Acoustical systems often require an array of transducers configured to take measurements and/or transmit sound at multiple locations. For example, noise measurement tests often require an array of microphones arranged to measure noise at various locations. Such systems are commonly used in various industries, including those involving automotive and aircraft manufacturing.
FIG. 1 is a partially schematic view of a microphone array used to measure noise in accordance with the prior art. A tube frame 2 supports multiple microphones 1, typically in a one-dimensional or two-dimensional rectilinear arrangement. Each microphone 1 is connected to a coaxial cable 3, which can be connected to an external device that records data. Often, an additional structure 4 is required to position and support the tube frame 2 during use.

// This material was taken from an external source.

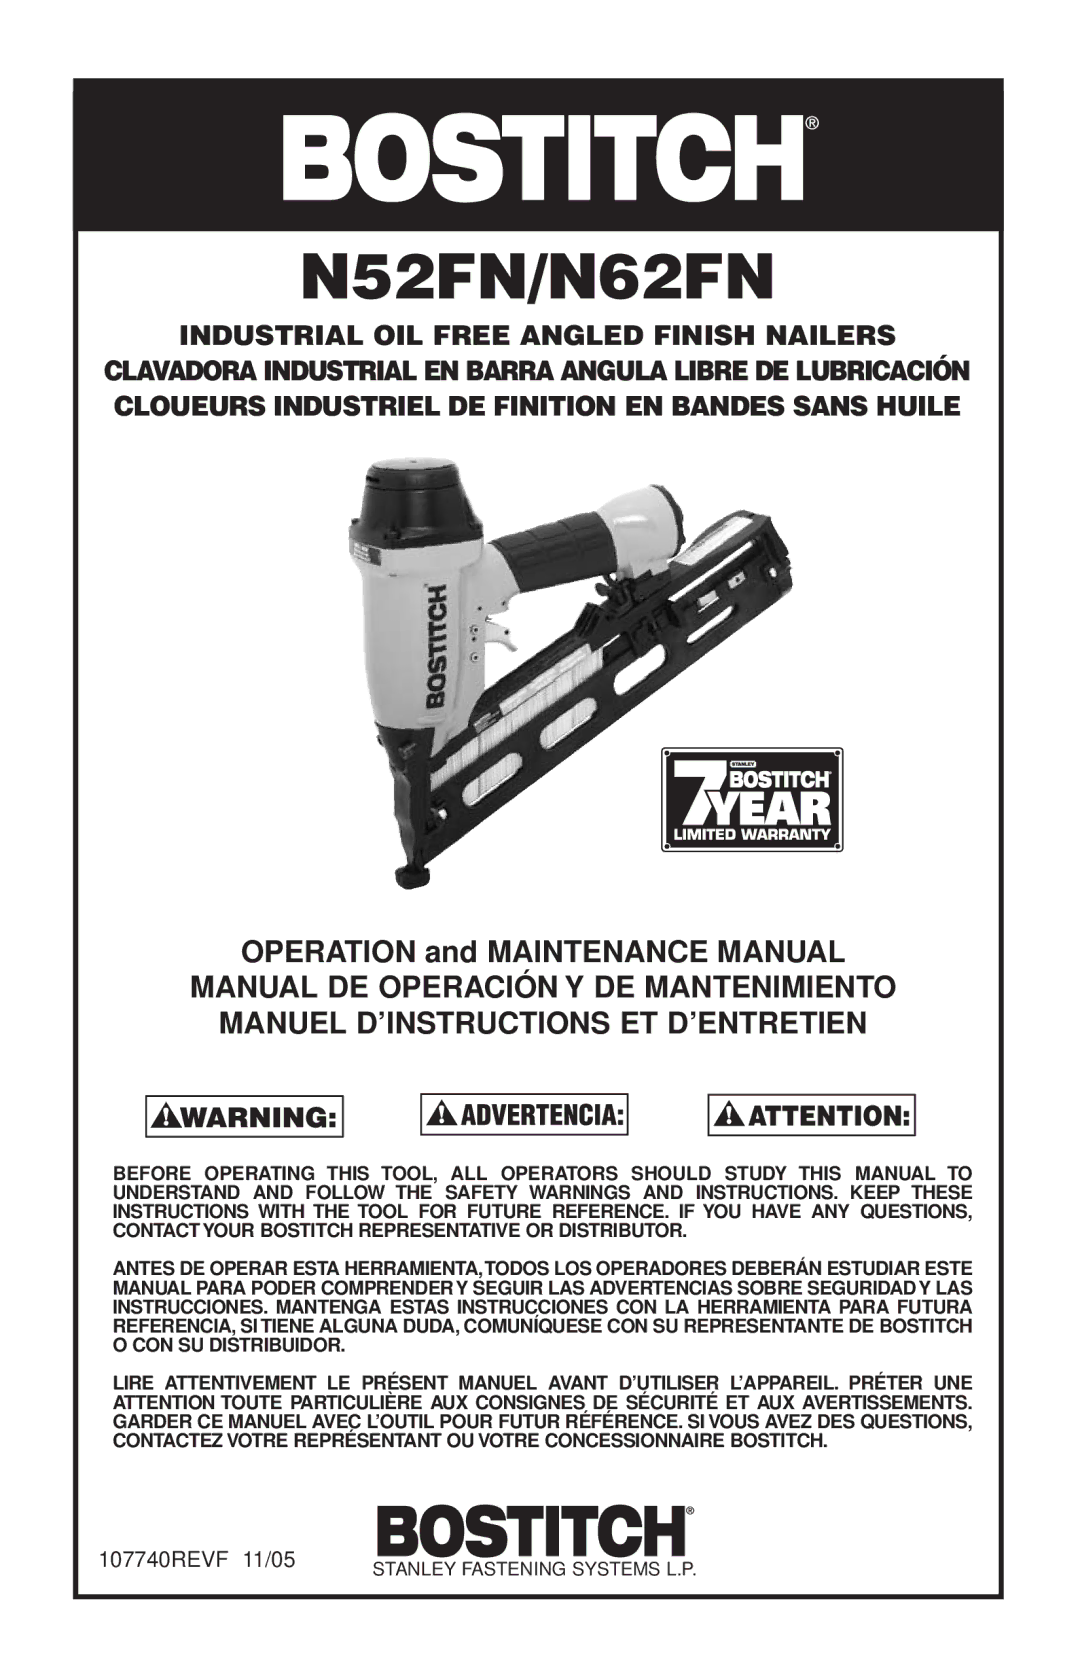 Quantaray manual N52FN/N62FN, Industrial OIL Free Angled Finish Nailers

A shortcoming of the prior art design is that the arrangement of the microphones and the tube frame is heavy, bulky, and difficult to configure for various applications. For example, the tube frame 2 must be sized to support the coaxial cables 3 connected to each microphone 1. Additionally, it is difficult or impossible to easily reconfigure the tube frame 2 and the microphones 1 into other arrangements to fit different or complex volumes of space or to sense sound at specific locations. Oftentimes, a specific tube frame 2 must be designed and built for each application. Also, because the tube frame 2 and the coaxial cable 3 are bulky, the arrangement intrudes on the environment in which it is placed and can accordingly influence the measurements it takes. For example, the tube frame 2 and the coaxial cable 3 can reflect sound waves, absorb sound waves, and/or vary the volume of space in which the sound measurements are being taken, thereby affecting the measured sound data.